Getting A Headache: Covering the election

It was almost wistful. But not that much. Passing the school where in May I had cast my vote in the municipal election, I pined, only momentarily, to be allowed to re-enter. As one of the great disenfranchised diaspora I could not. National elections are for nationals. I'm still minded to believe that this is actually how it should be, but one misses the thrills, such as they are, of the Spanish voting system and the confusion for those attending the "tables" when presented with a foreigner who has two Christian names and one surname. Several moments of amusement ensue.

The attendees of these tables are not volunteers. Long before the current days of citizens participating left, right and centre (though mainly left), they decided to make it like jury service. If you're unlucky enough to have your name picked out, then you have to go and do your citizen's duty. I'm unsure if this means if I, or many of those of you reading this, might one day suffer the same fate. Given that the vote is denied, it seems a tad preposterous to demand table attendance. A mate of mine in Barcelona has had to. I must ask him if this was for the general or other elections. Either way, he can only vote for Ada Colau (or not) and not for Artur Mas, so he was doing his duty for something which he can only partially participate in. There must surely be a message here somewhere for the participative new age, or are foreigners classed as citizens or not?
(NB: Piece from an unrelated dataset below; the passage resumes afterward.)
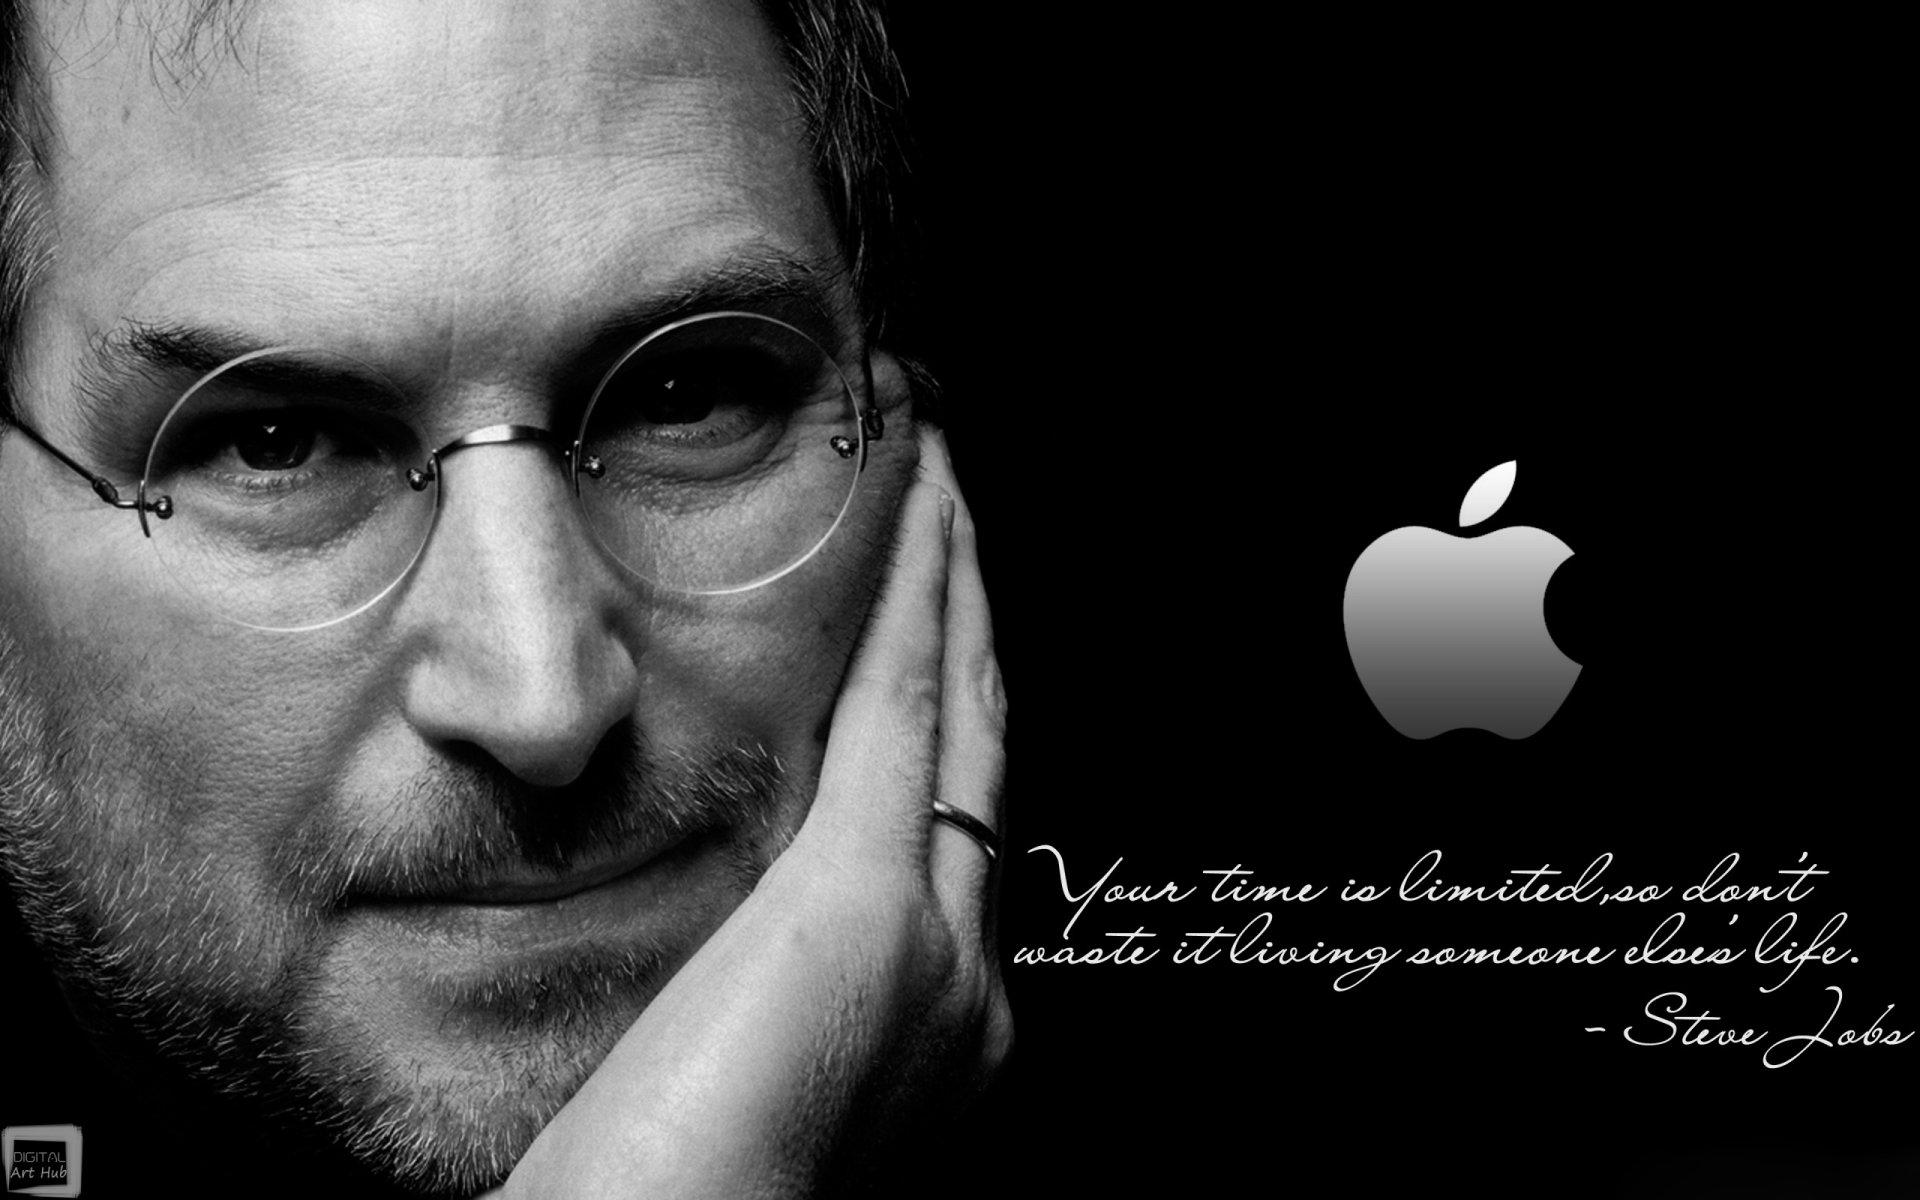 Steve Jobs Fondos De Pantalla De Steve Jobs Wallpapers Hd

It would make life an awful lot simpler if everywhere in Spain was like Villarroya in La Rioja. There, they don't have to drag everything out for eleven hours before getting down to the results. As there are only six voters out of nine inhabitants of this municipality (one of whom must be the Partido Popular mayor), the polling station was opened and closed within a minute. How many citizens had been called on to attend the tables, one wonders. Presumably, the voters and the table attendants were one and the same.

This was one of the little anecdotes that made a long day vaguely bearable, another one having been the three voters who turned up early doors in Ibiza only to find that there were no table attendants, so they made themselves into attendants, which was very decent of them. True citizen spirit. And participative, to boot.
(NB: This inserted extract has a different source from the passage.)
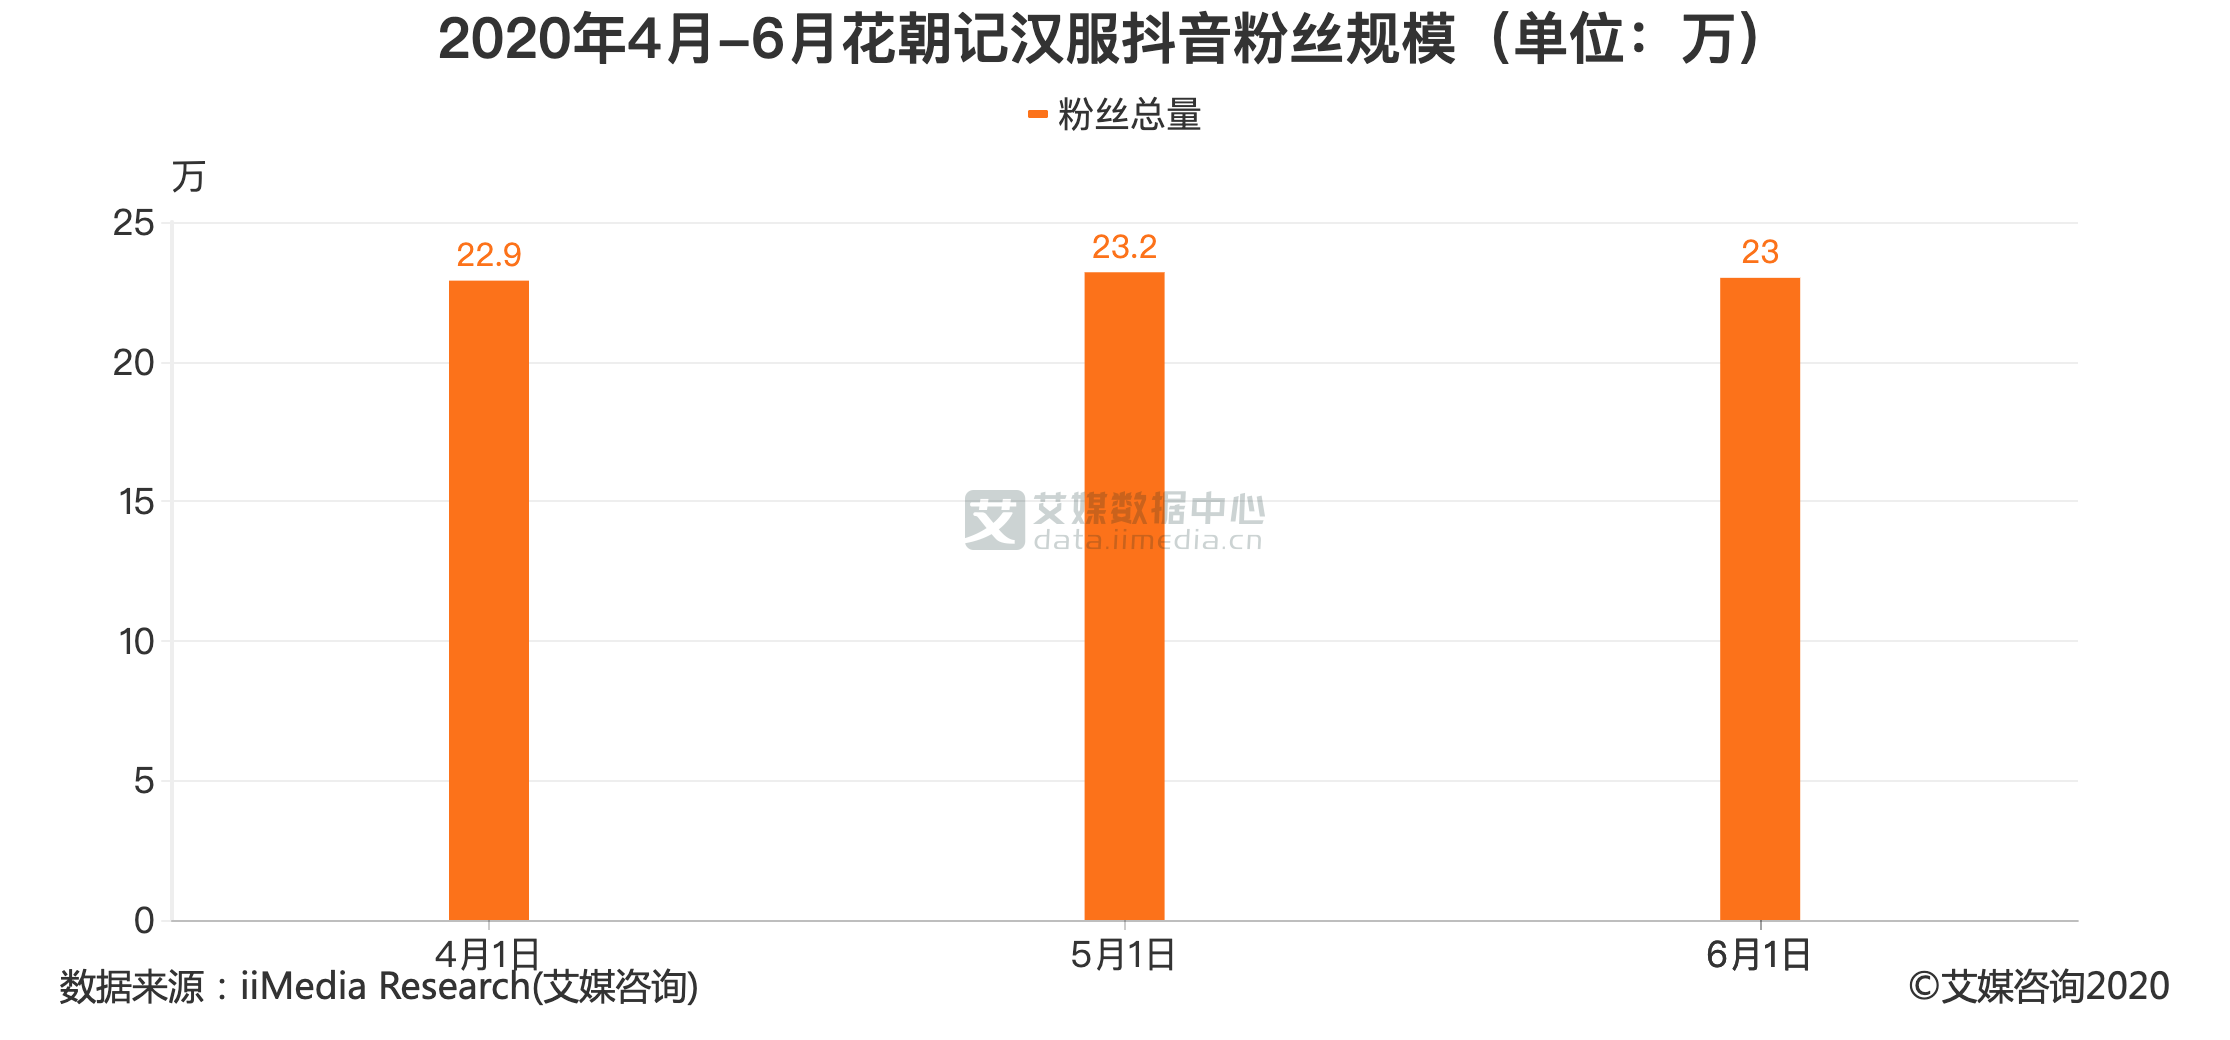 2020年4月-6月花朝记汉服抖音粉丝规模(单位:万)

Spanish election day starts with a bang as the media troops around getting snaps of principal candidates and other political prominenti smiling and casting their votes. Or in the case of Barcelona's mayor Ada Colau not casting her vote, as she had forgotten her ID. Might the police have a word with her? Is it not obligatory to carry this at all times? There were also the traditional photos of nuns voting. Does the church issue its recommendations? Mariano it might be expected to be, but when there's a chap whose name translates as Churches, he must have been good for a few votes among the religious community.

The greatest media scrum was for Mr. Churches, Pablo Iglesias. He was positively beaming, having tweeted earlier that he hoped citizens had risen with a smile and were off to perform their duty for change. There was to be proof that they had, the Podemos Twitter account replete with the happy, smiling faces of those both old and young. The new age was here, and it was all over Twitter. Pablo had gone to the polling station with his chum Íñigo Errejón, a Podemos co-founder, who doesn't look old enough to vote. By about six years. He is actually 32, so fifteen years older than the boy in Badajoz who had turned up wanting to vote and was politely told that he would have to wait nine days until he was 18.

Once this early election euphoria died down, the day dragged on, lightened only by announcements as to turnout. Eventually, this was to be up. Which was reassuring for the advocates of citizen participation. When the end finally came, exit polls were saying what was to be confirmed. It was Podemos who had been the real winners in the head-to-head between the new boys and girls. The opinion polls had got that part wrong.

All that remained was for the leaders' rallying speeches, arranged in pecking order so that they didn't clash. Mariano had to wait till last, as befits the possibly outgoing premier. Not that Mariano's going anywhere. He plans on forming the next government, despite being deprived of a third of his Congress colleagues.

Having been chained to a computer for the whole day and some of the night, it all ended with a massive headache and neck ache. For Spain, the headache now begins. Not one of a hangover. One of who on earth can now govern.